Record excerpts —
--------------------------------------------------

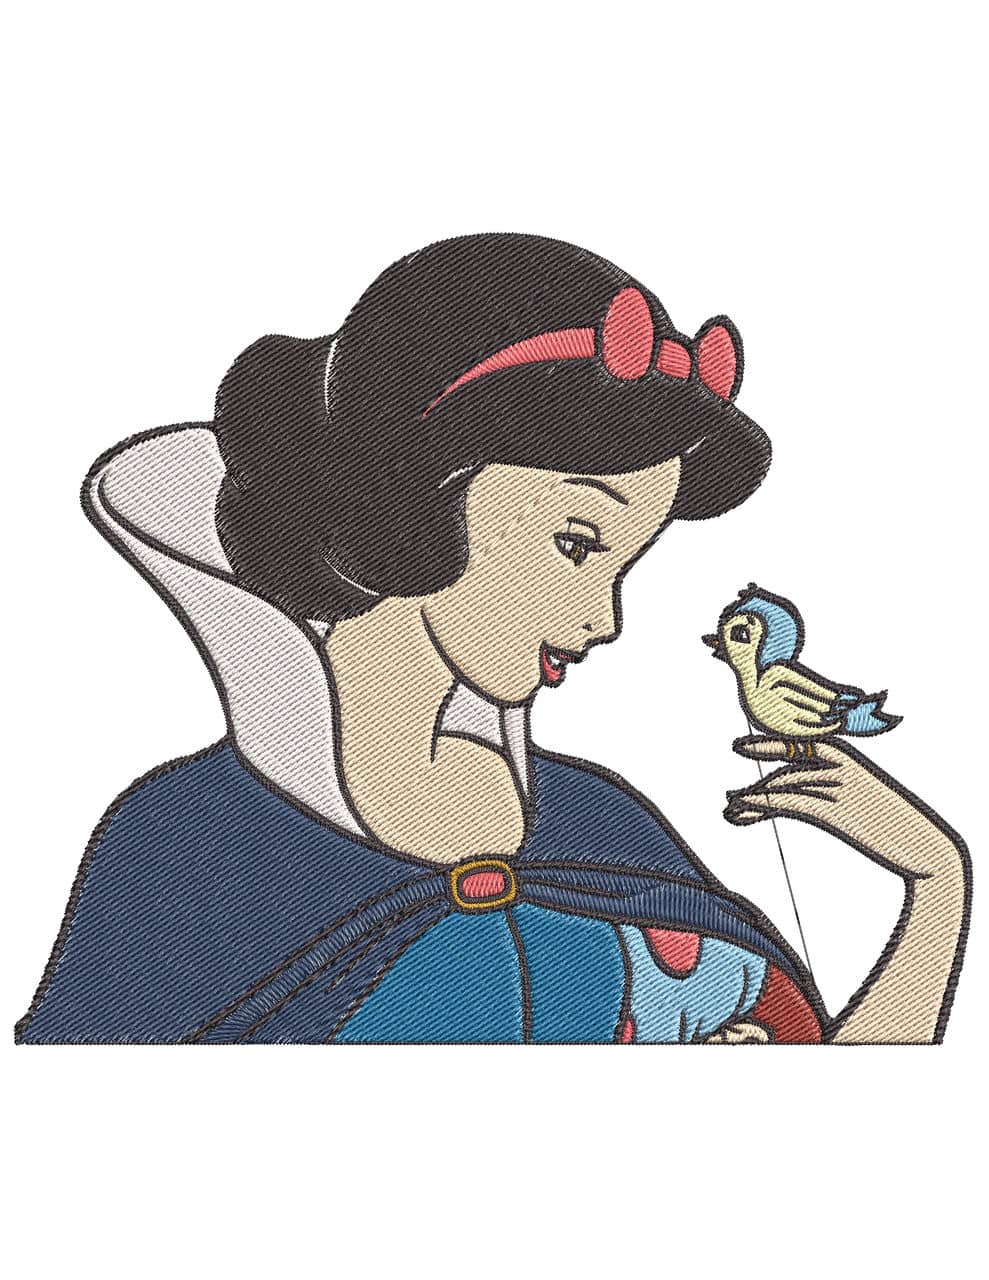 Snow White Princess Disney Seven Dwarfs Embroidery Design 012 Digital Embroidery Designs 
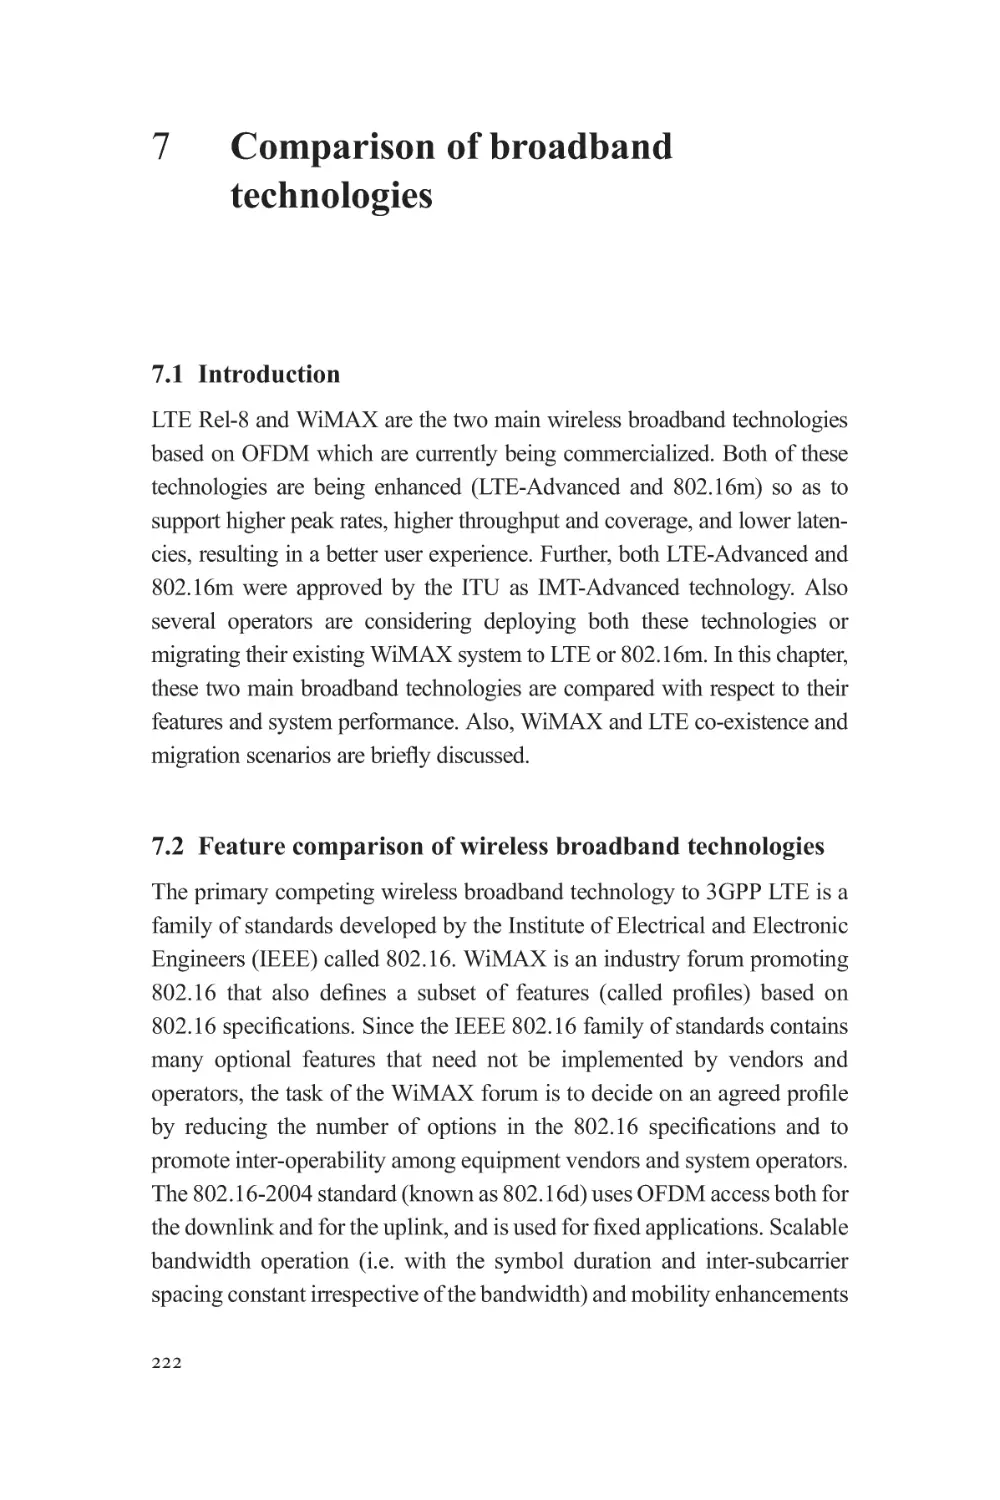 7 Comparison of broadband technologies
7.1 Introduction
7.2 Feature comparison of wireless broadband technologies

--------------------------------------------------

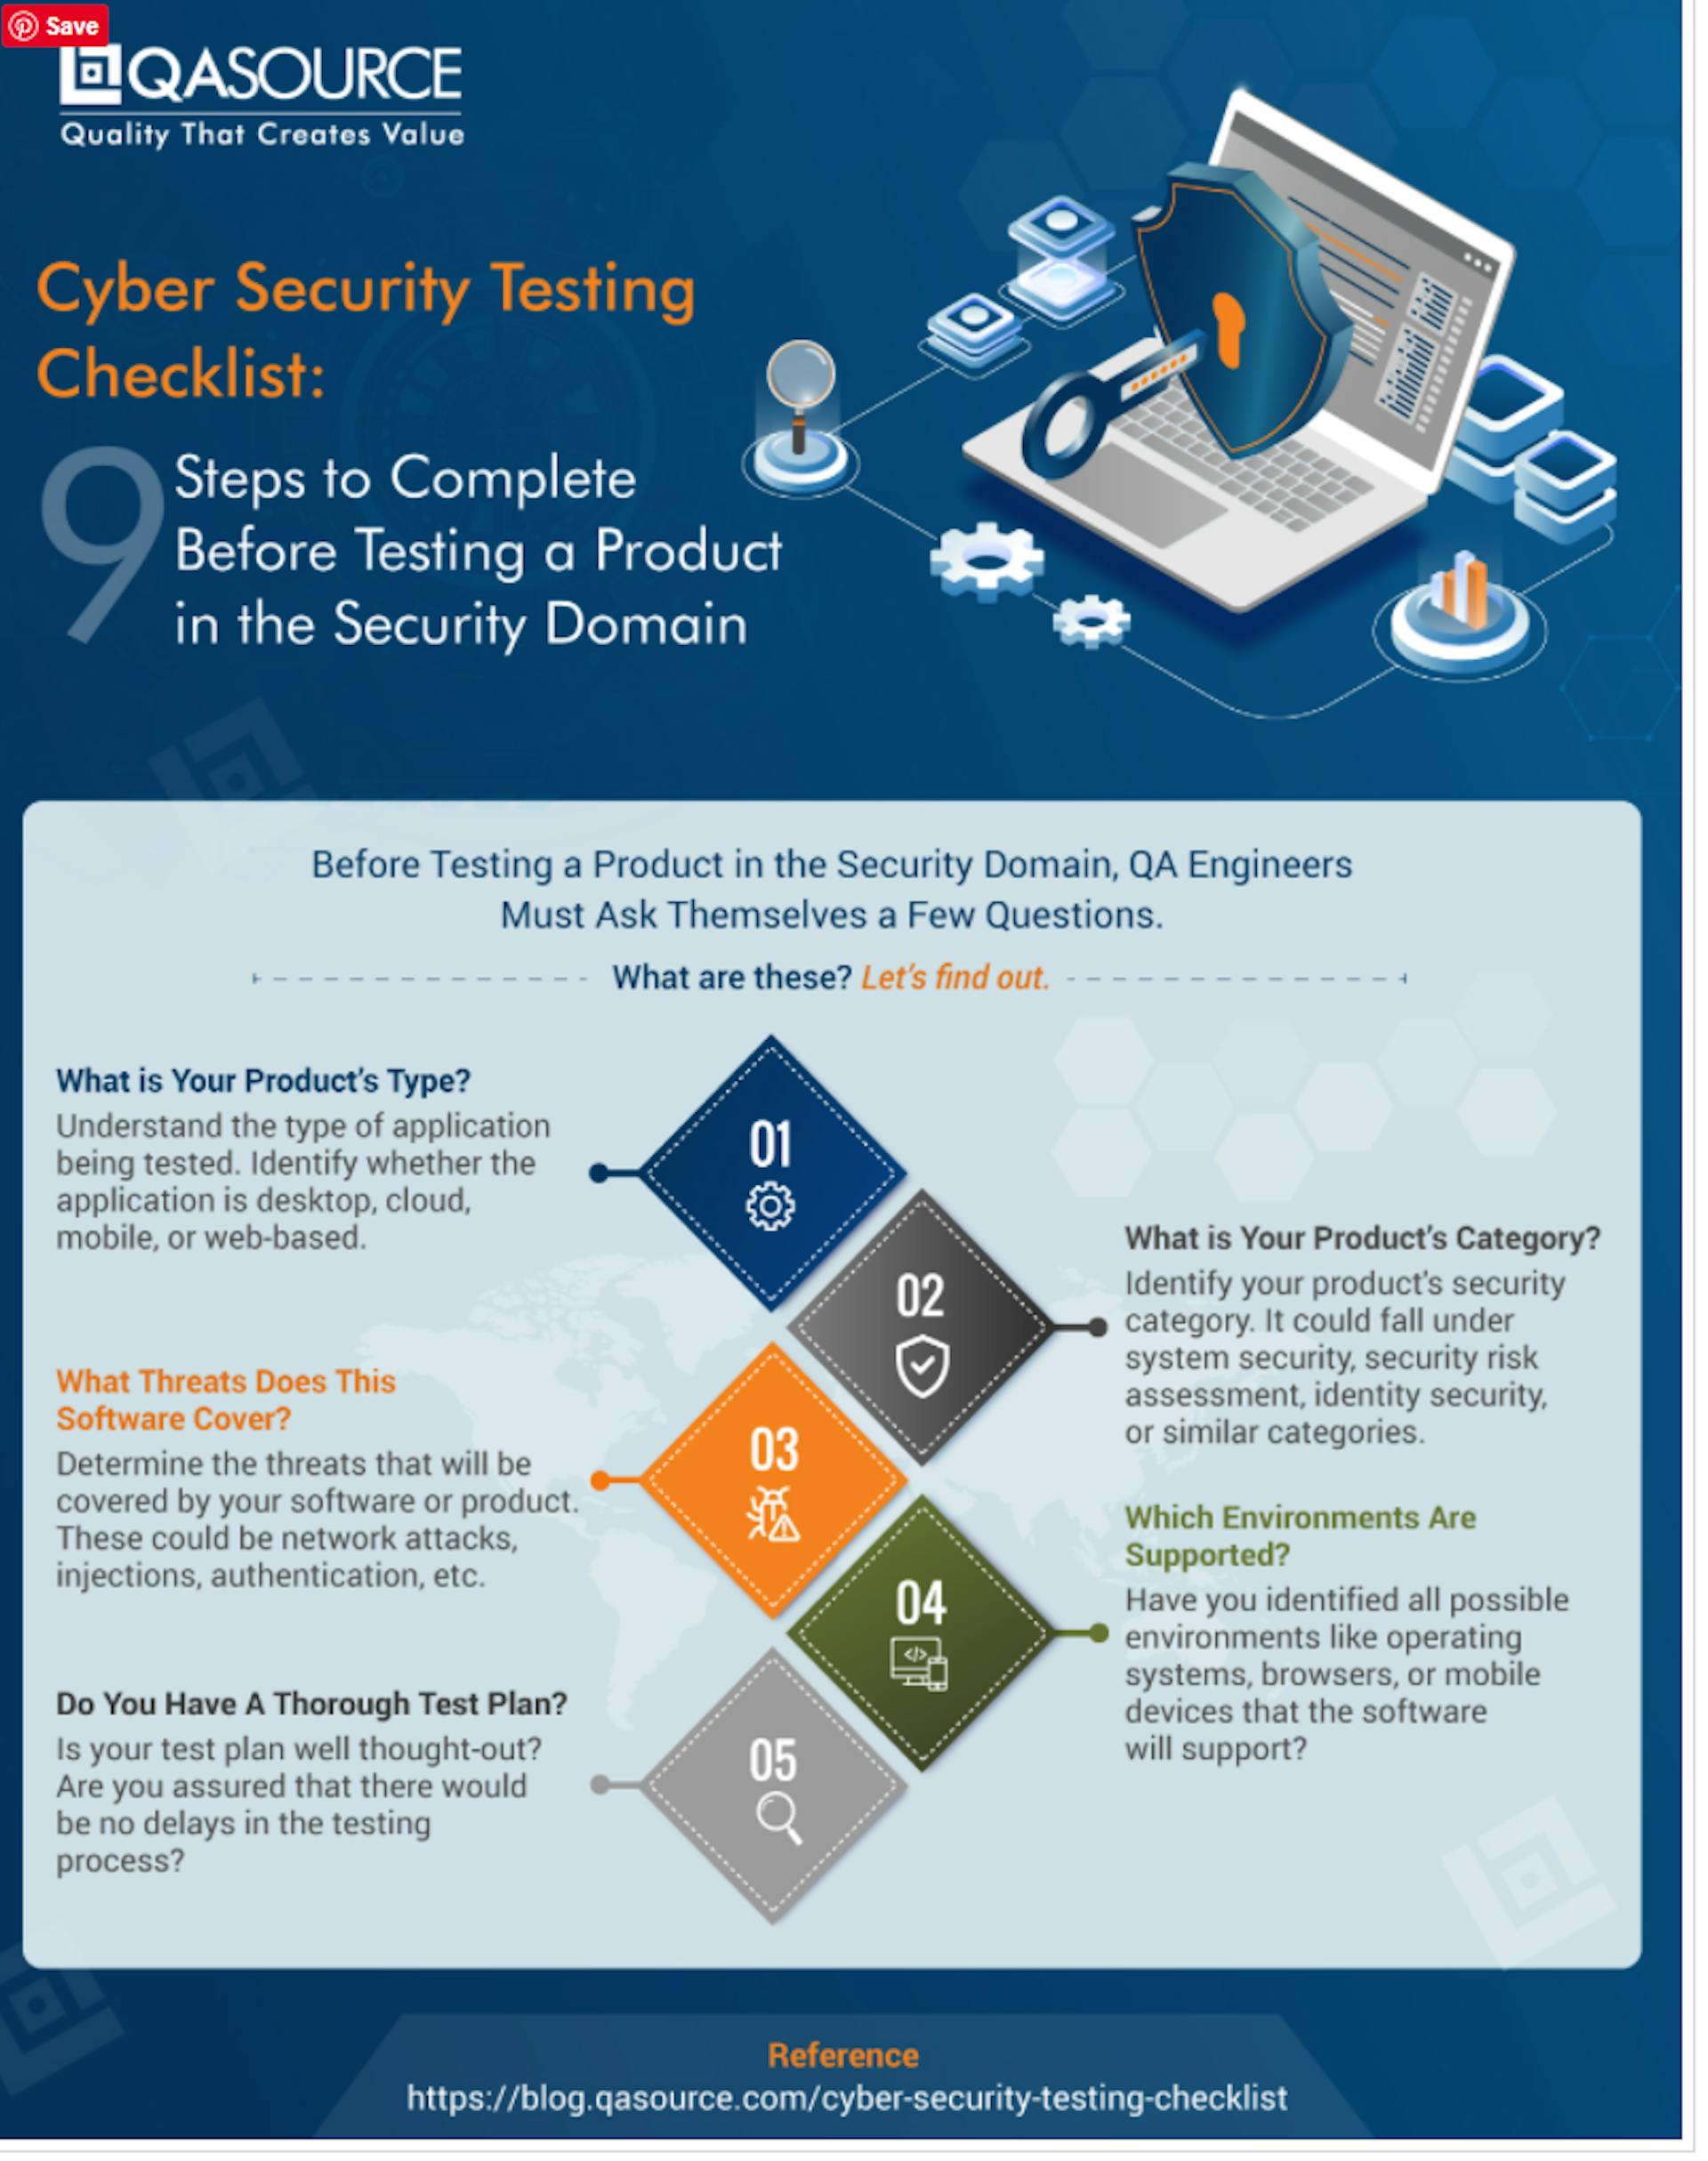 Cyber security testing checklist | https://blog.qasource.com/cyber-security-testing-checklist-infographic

--------------------------------------------------

Task description — Using the data above, print only the lines starting at the one with "Snow White Princess" and ending at the one with "7.2 Feature comparison", exactly as they stand, minus the pictures.

Answer section —
 Snow White Princess Disney Seven Dwarfs Embroidery Design 012 Digital Embroidery Designs 
 7 Comparison of broadband technologies
7.1 Introduction
7.2 Feature comparison of wireless broadband technologies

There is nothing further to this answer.